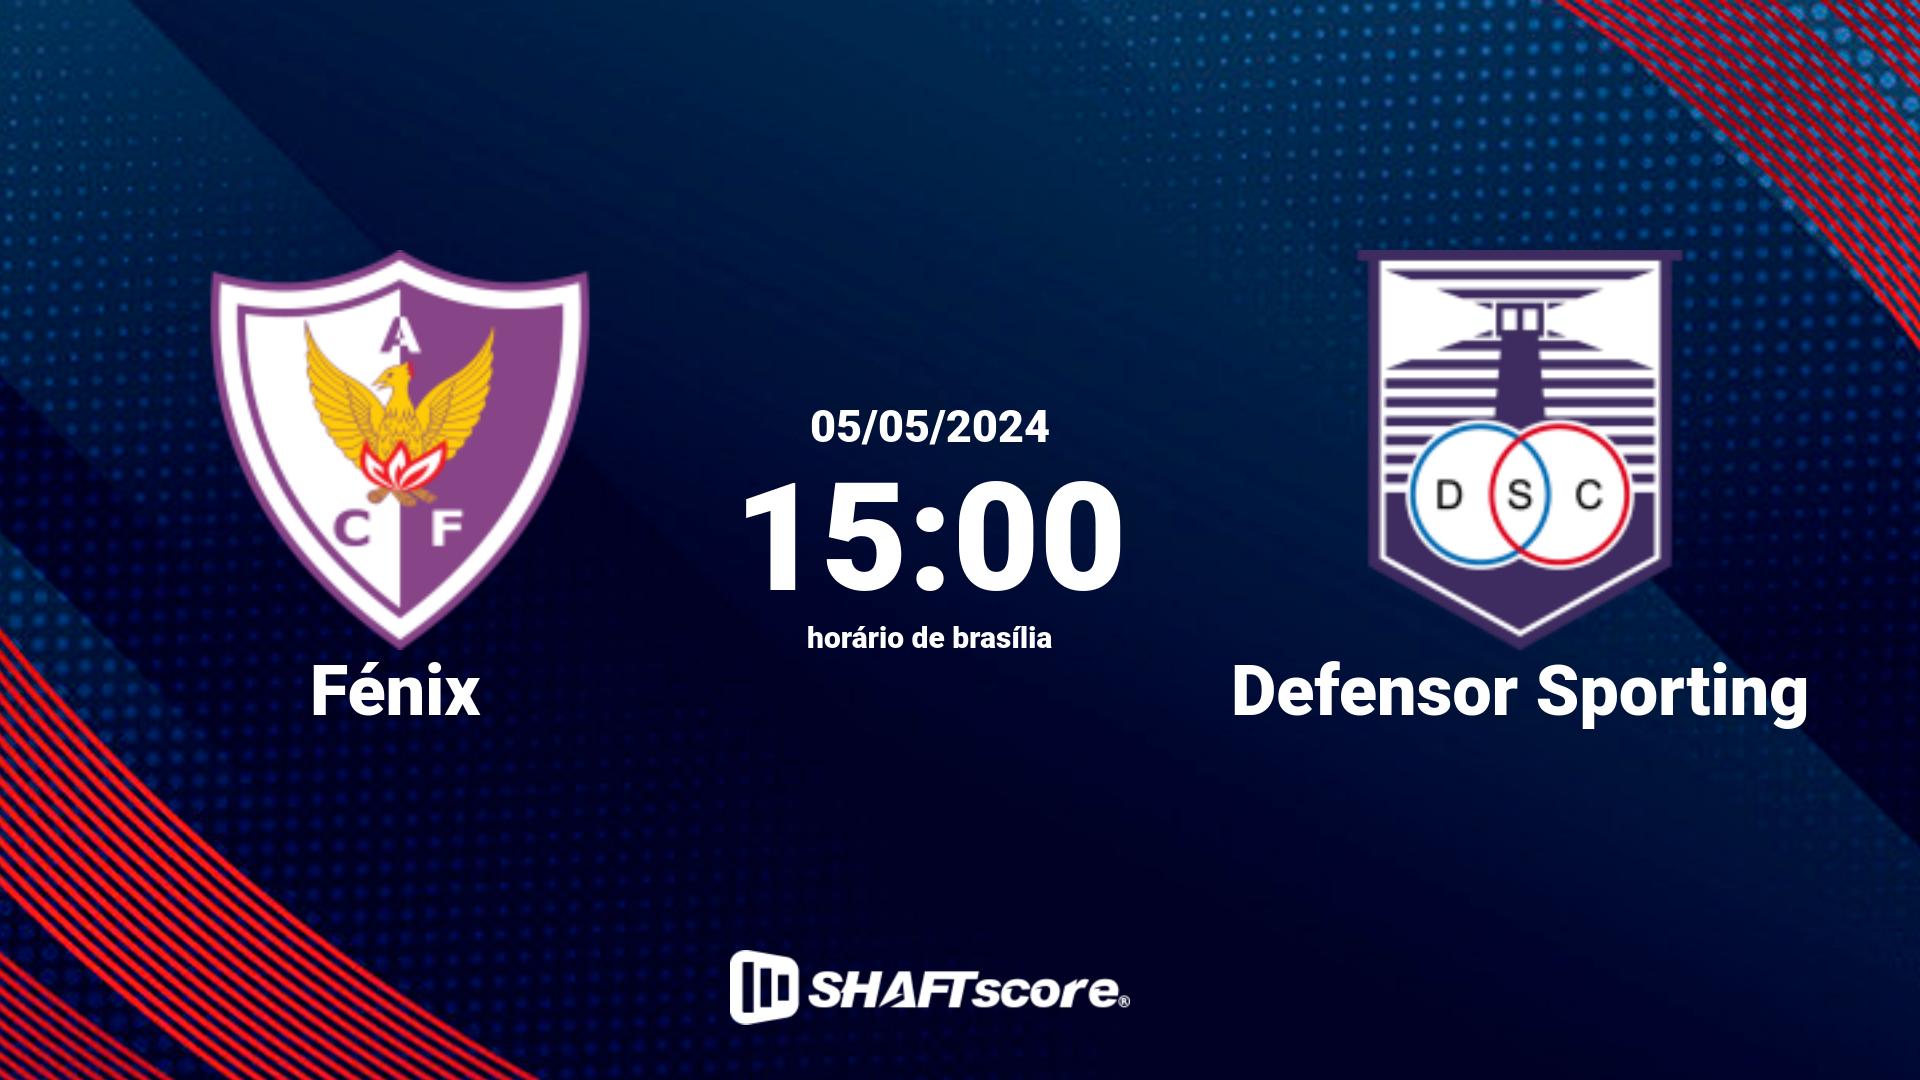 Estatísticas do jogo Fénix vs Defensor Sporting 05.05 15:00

+++

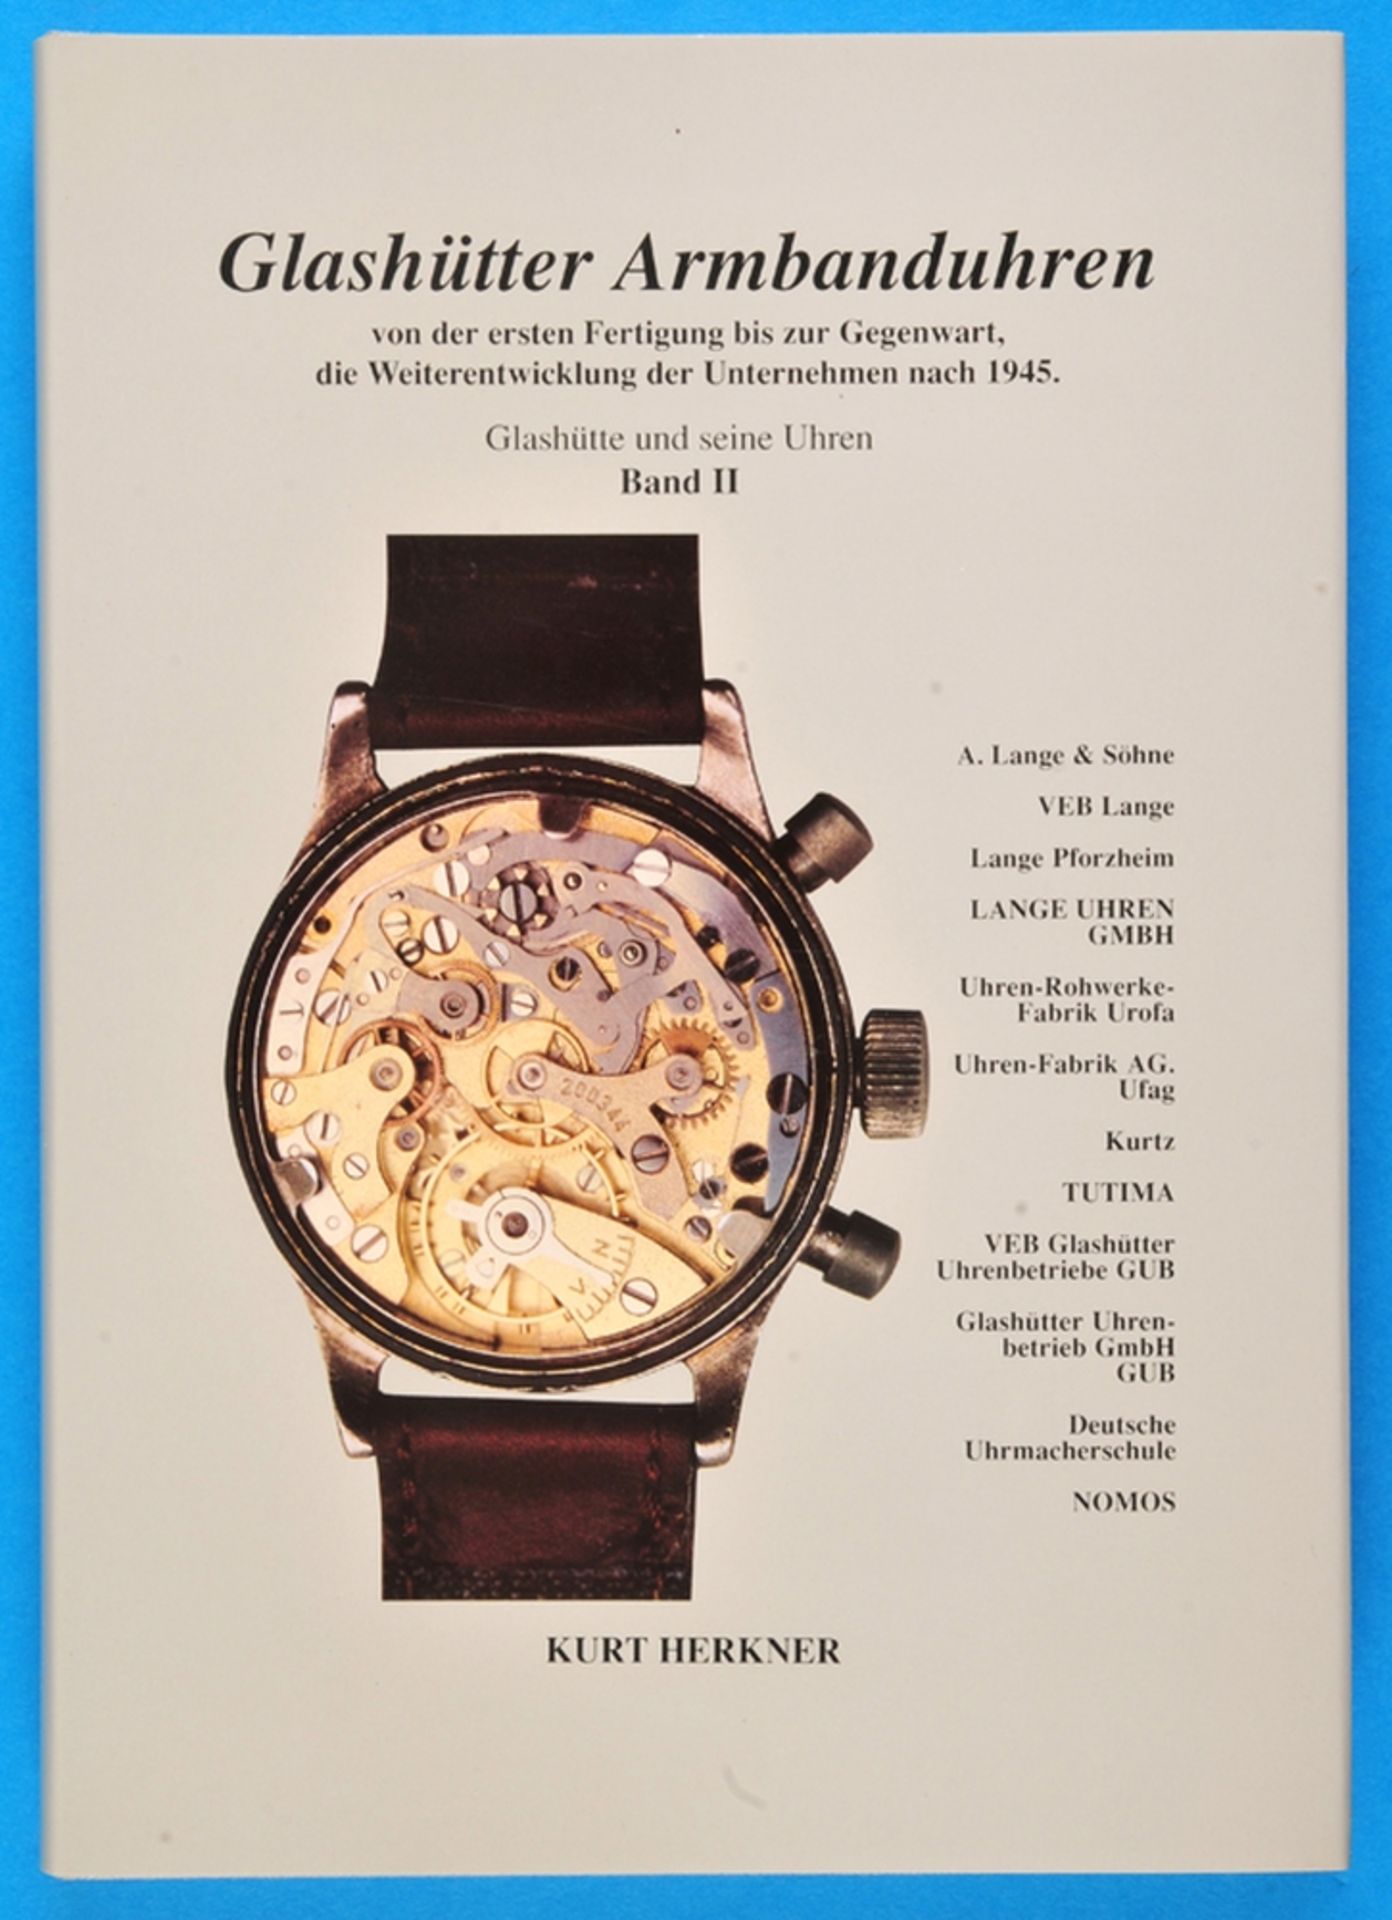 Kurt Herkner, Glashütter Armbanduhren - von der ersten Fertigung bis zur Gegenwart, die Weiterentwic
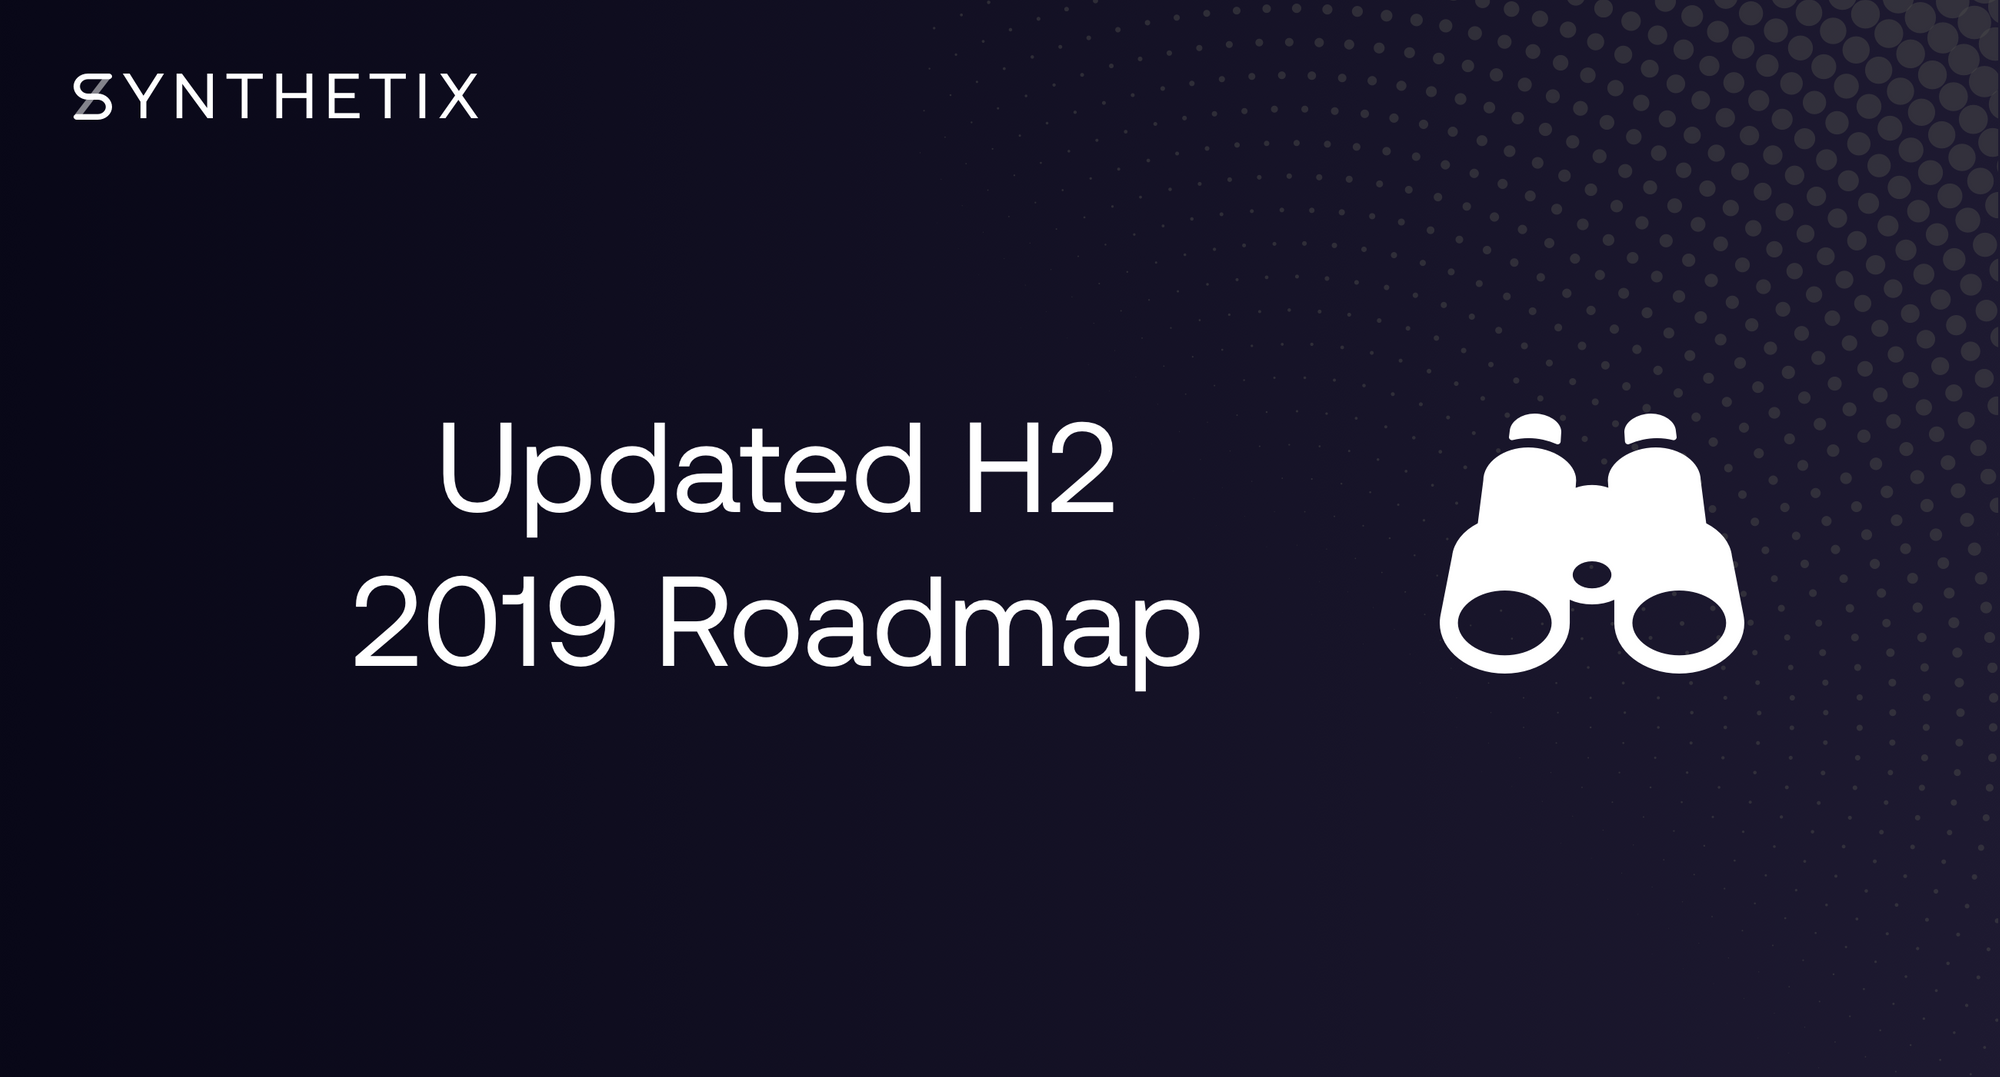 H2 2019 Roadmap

+++

## ASSIGNMENT
Out of the records above, set down only the lines from the one that contains "Kurt Herkner, Glashütter" through the one that contains "H2 2019 Roadmap", unchanged and without the pictures.

## SOLUTION TO THE EXERCISE
 Kurt Herkner, Glashütter Armbanduhren - von der ersten Fertigung bis zur Gegenwart, die Weiterentwic
 H2 2019 Roadmap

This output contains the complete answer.